Marc Langheinrich is full professor in the Faculty of Informatics at the Università della Svizzera Italiana (USI) in Lugano, Switzerland. His research focuses on privacy in mobile and pervasive computing systems, in particular with a view towards social compatibility. Marc is a member of the Steering Committee of the UbiComp conference series, and chairs the IoT conference Steering Committee. He has been a General Chair or Program Chair of most major conferences in the field, including Ubicomp, PerCom, Pervasive, and the IoT conference, and currently serves as the Editor-in-Chief for IEEE Pervasive Magazine. Marc holds a Ph.D. from ETH Zürich, Switzerland. He can be reached at firstname.lastname@example.org.

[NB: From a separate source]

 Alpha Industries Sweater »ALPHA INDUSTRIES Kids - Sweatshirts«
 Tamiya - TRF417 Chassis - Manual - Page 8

Archan Misra is Professor, and the Associate Dean of Research, in the School of Information Systems at Singapore Management University (SMU). Archan holds a Ph.D. in Electrical and Computer Engineering from the University of Maryland at College Park in May 2000. Over a 20-year research career spanning both academics and industry (at IBM Research and Bellcore), Archan has worked extensively on problems spanning wireless networking, mobile & pervasive computing and urban sensing. He currently directs SMU’s Center for Applied Smart-Nation Analytics (CASA), which cooperates with public agencies in implementing advanced Smart Nation services in Singapore. Through his leadership of SMU’s LiveLabs testbed platform, Archan has developed and deployed multiple pervasive computing applications, such as campus & city-scale mobile crowdsourcing and indoor location analytics. His current research interests lie in systems-oriented research in the areas of low-power wearable & IoT sensing, real-time socio-physical urban analytics and mobile crowdsourcing. Archan chaired the IEEE Computer Society's Technical Committee on Computer Communications (TCCC) from 2005-2007.
Delphine Reinhardt is a full professor and head of the Computer Security and Privacy group at the University of Göttingen. Before moving to Göttingen in January 2018, she was an assistant professor at Rheinische Friedrich-Wilhelms-Universität Bonn in Germany from 2014 to 2017, leading the “Privacy and Security in Ubiquitous Computing” group at the Institute of Computer Science. She was also associated to the Fraunhofer Institute for Communication, Information Processing and Ergonomics (FKIE) during that time. Delphine completed her doctoral degree in computer science (with distinction) on privacy in participatory sensing in 2013 at Technische Universität Darmstadt and the Center for Advanced Security Research Darmstadt (CASED). Since 2009, she holds a double-degree in electrical engineering from TU Darmstadt and Ecole Nationale Supérieure de l'Electronique et ses Applications (ENSEA), France.